The problem = Every line of the data below is to be given again as it appears, with the images removed.

Exercise data =

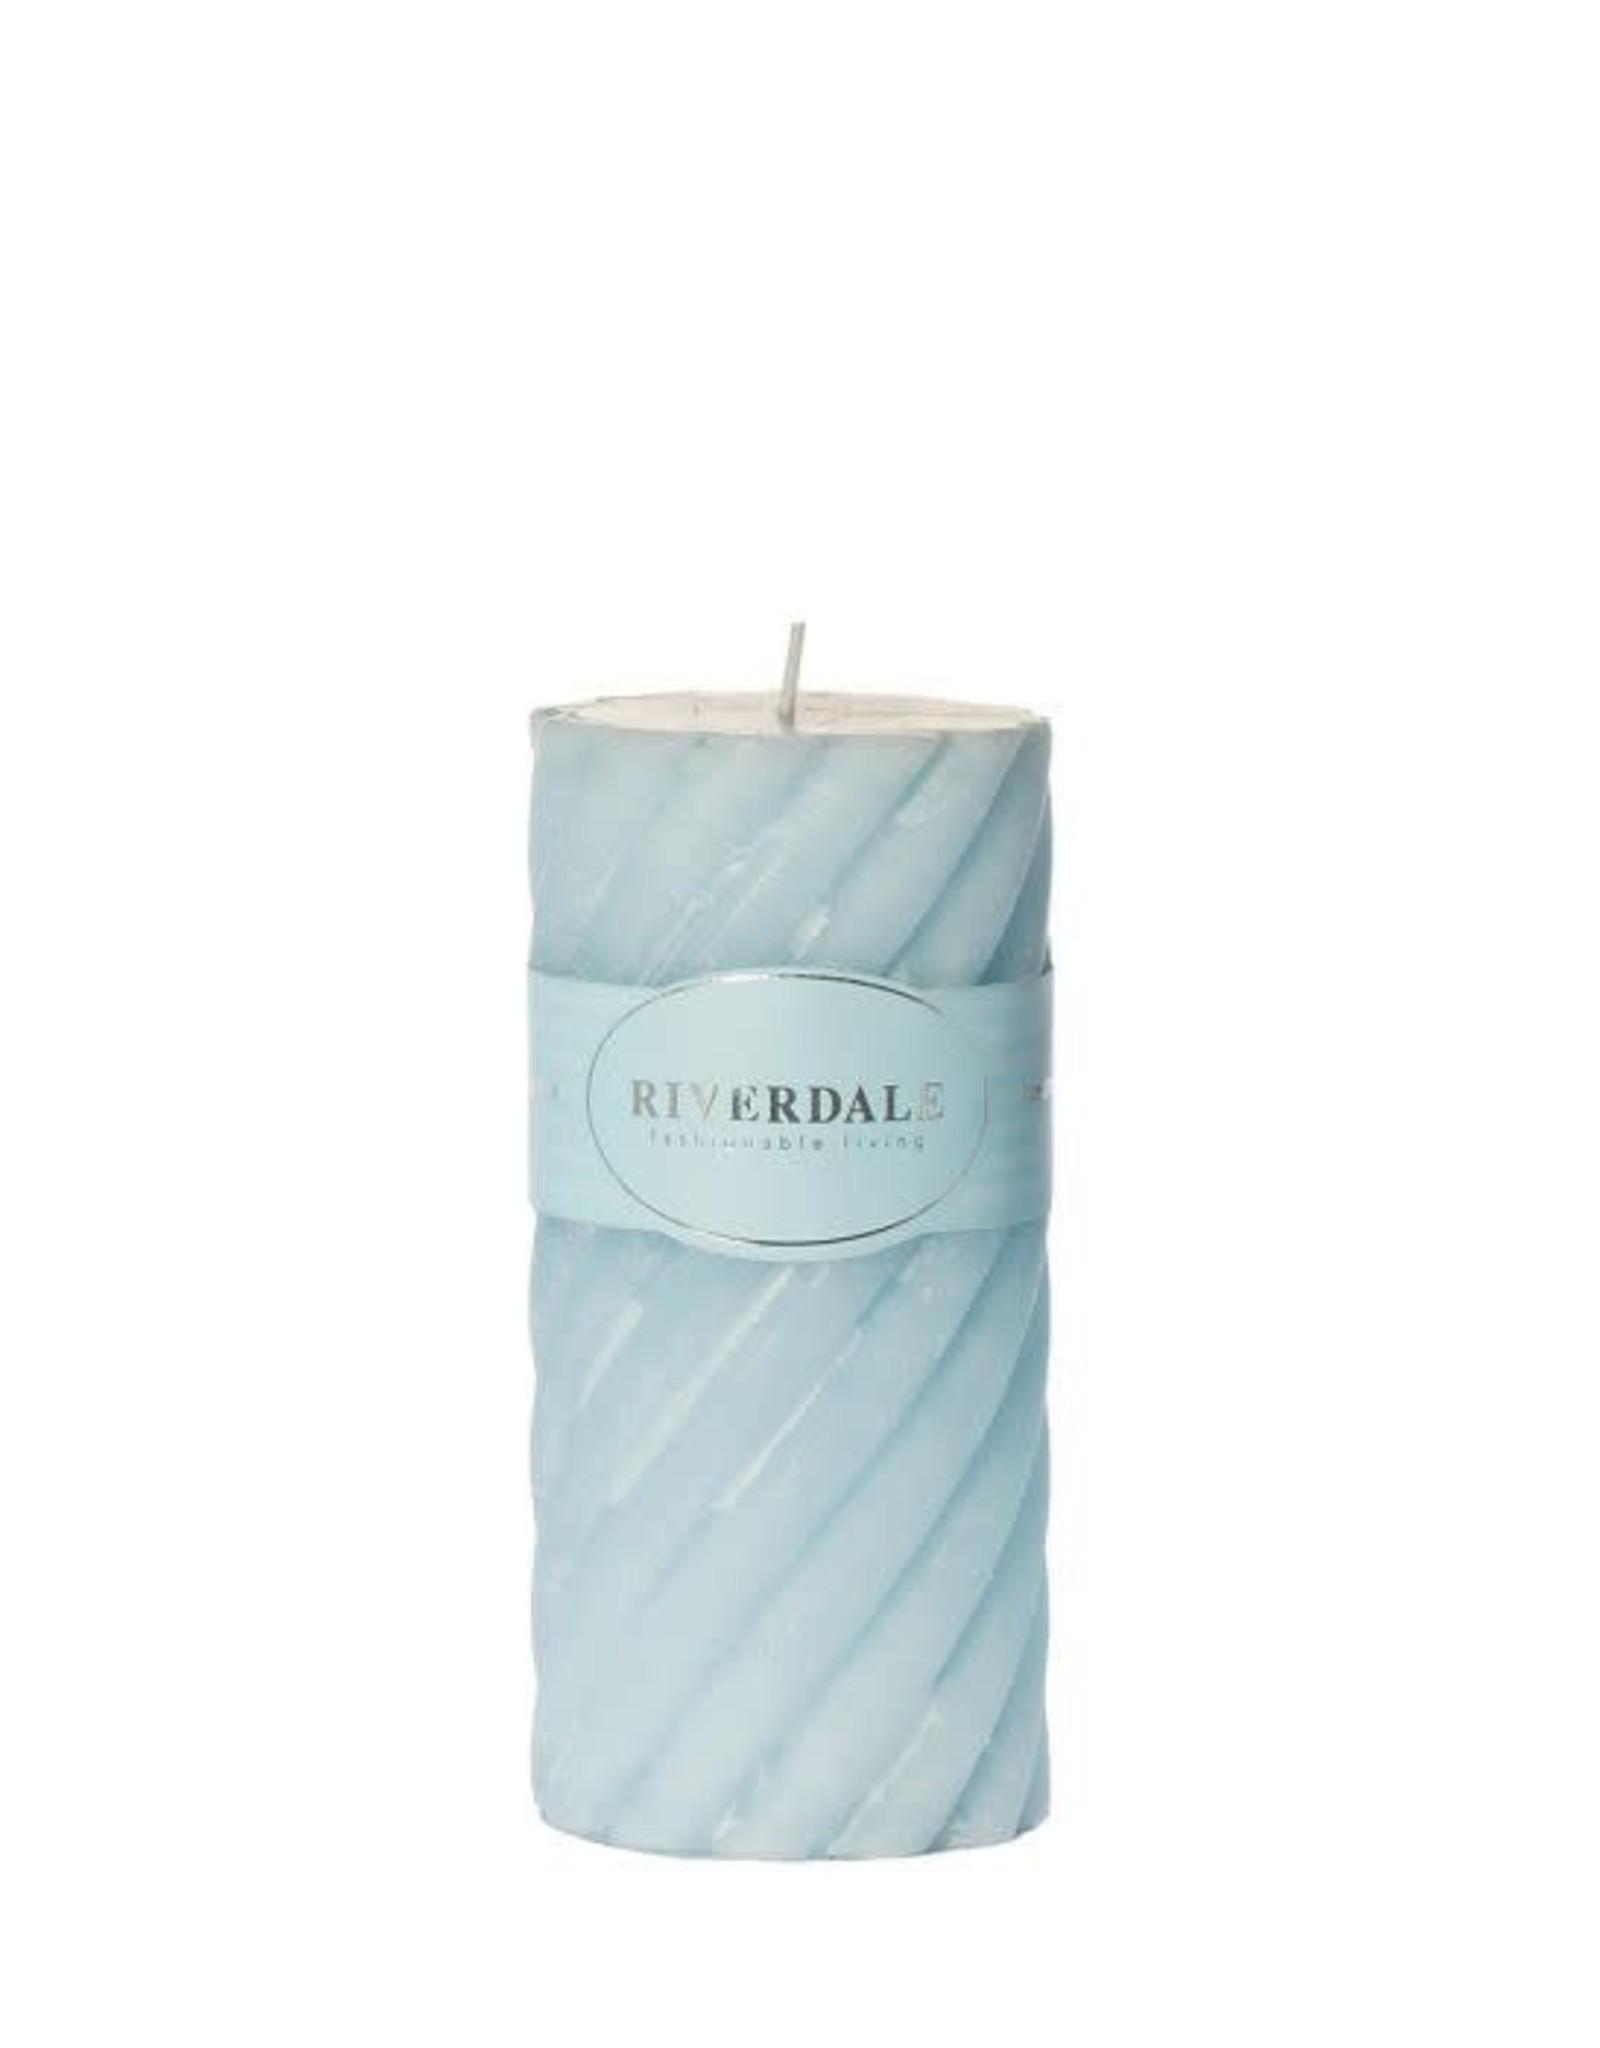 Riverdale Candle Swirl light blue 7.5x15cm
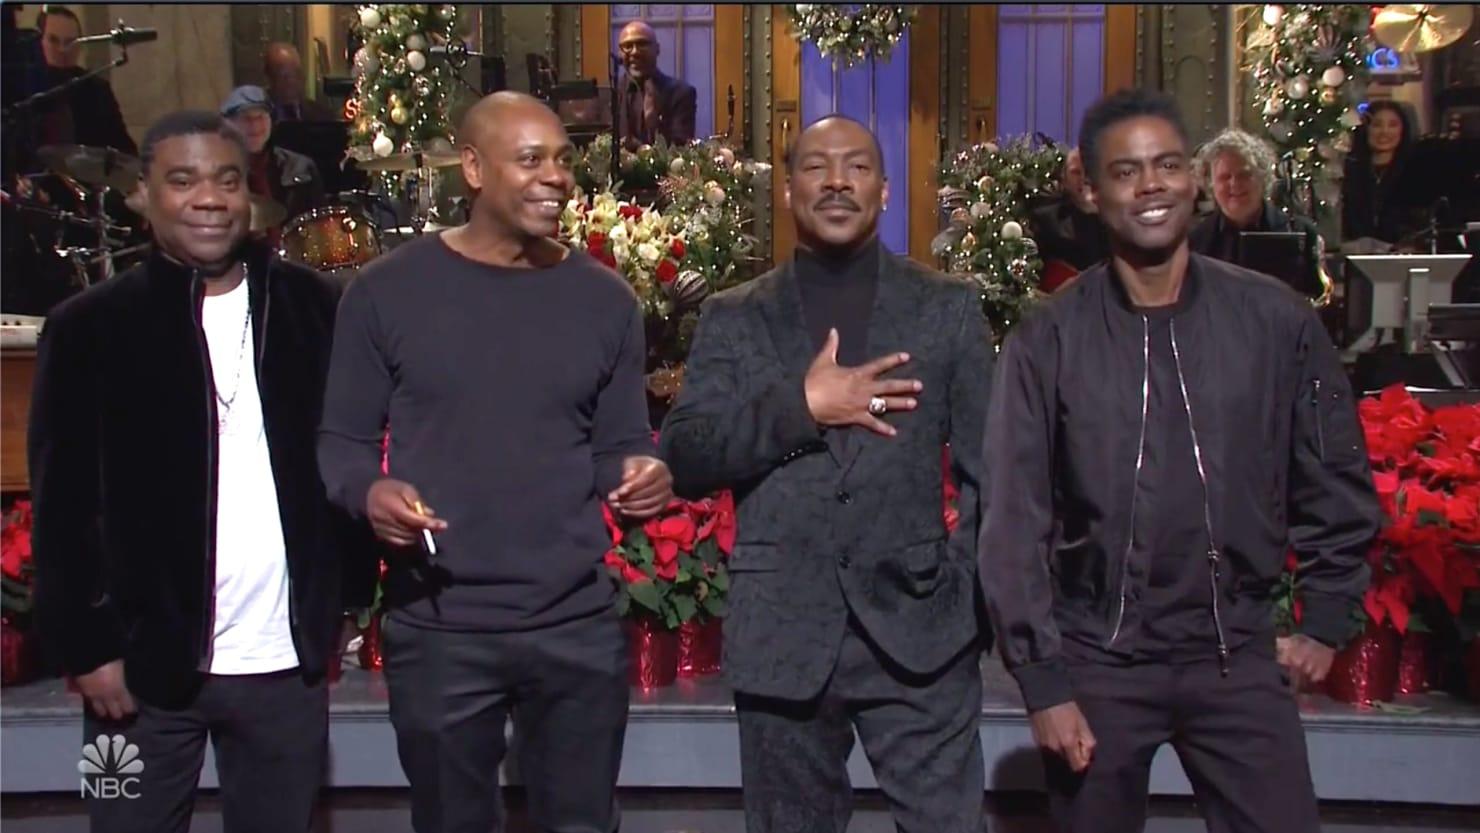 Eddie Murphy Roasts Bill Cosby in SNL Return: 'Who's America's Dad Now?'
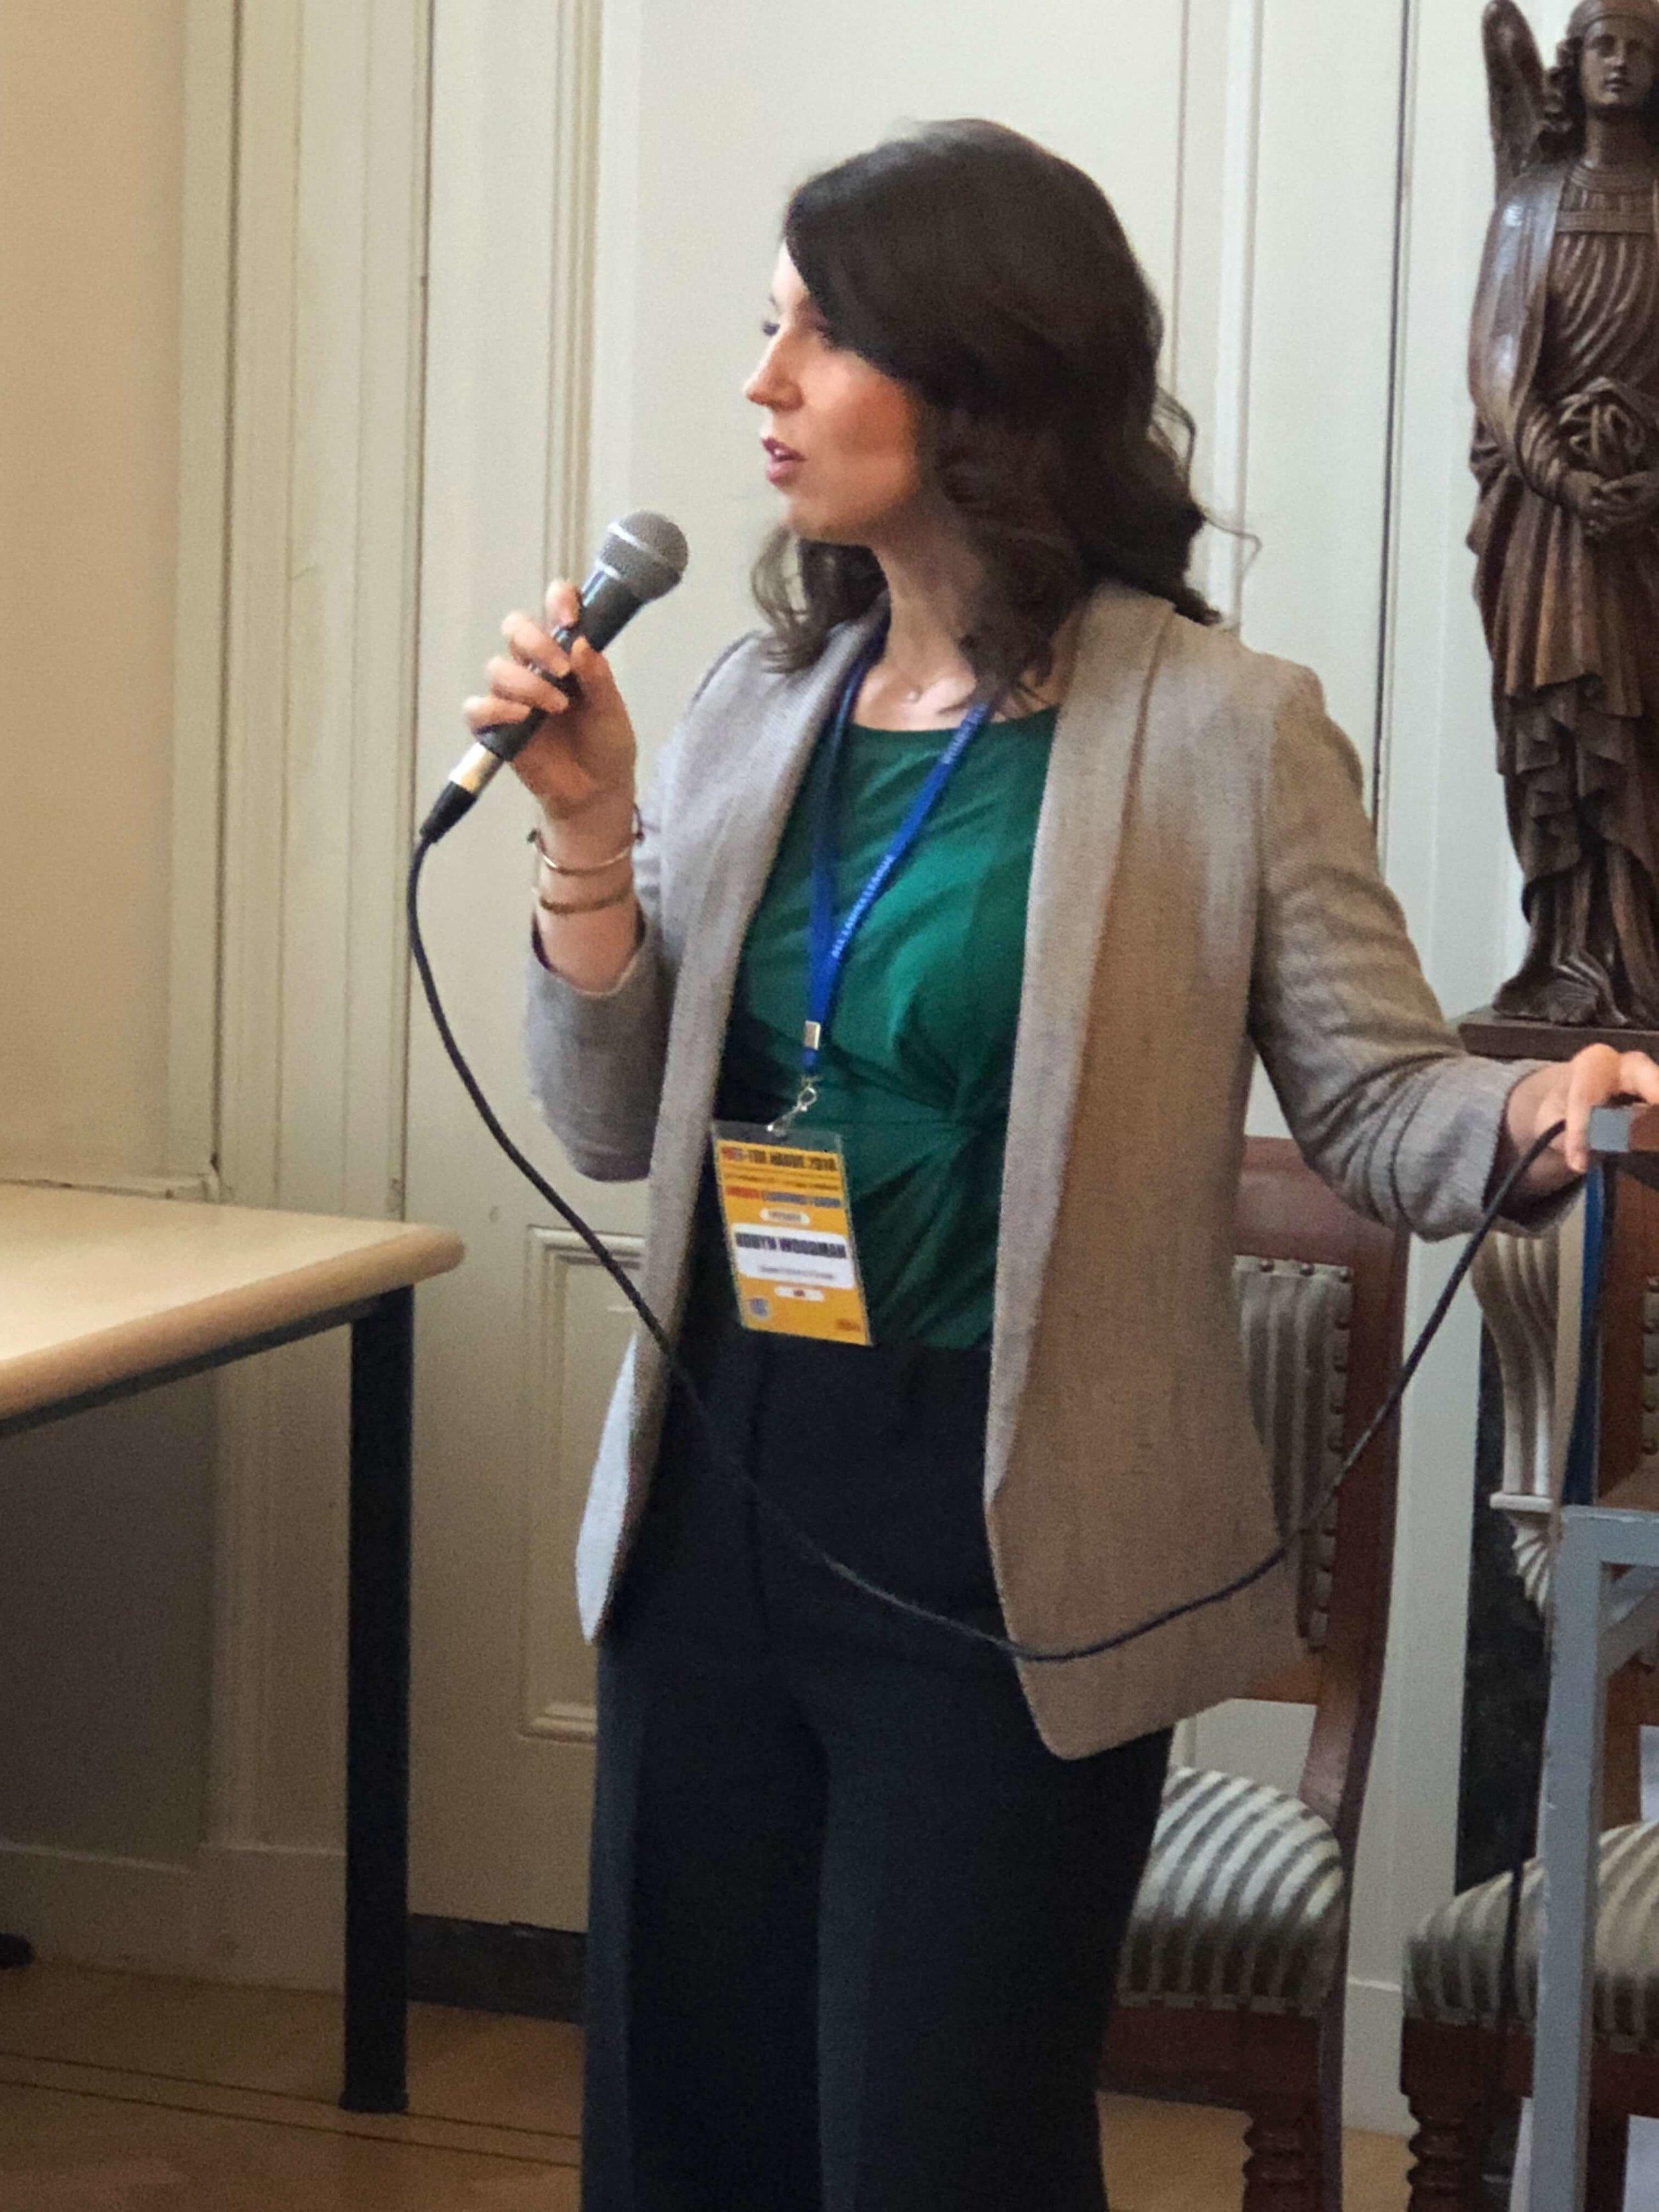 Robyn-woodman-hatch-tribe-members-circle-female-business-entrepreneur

Result for this task =
 Riverdale Candle Swirl light blue 7.5x15cm
 Eddie Murphy Roasts Bill Cosby in SNL Return: 'Who's America's Dad Now?'
 Robyn-woodman-hatch-tribe-members-circle-female-business-entrepreneur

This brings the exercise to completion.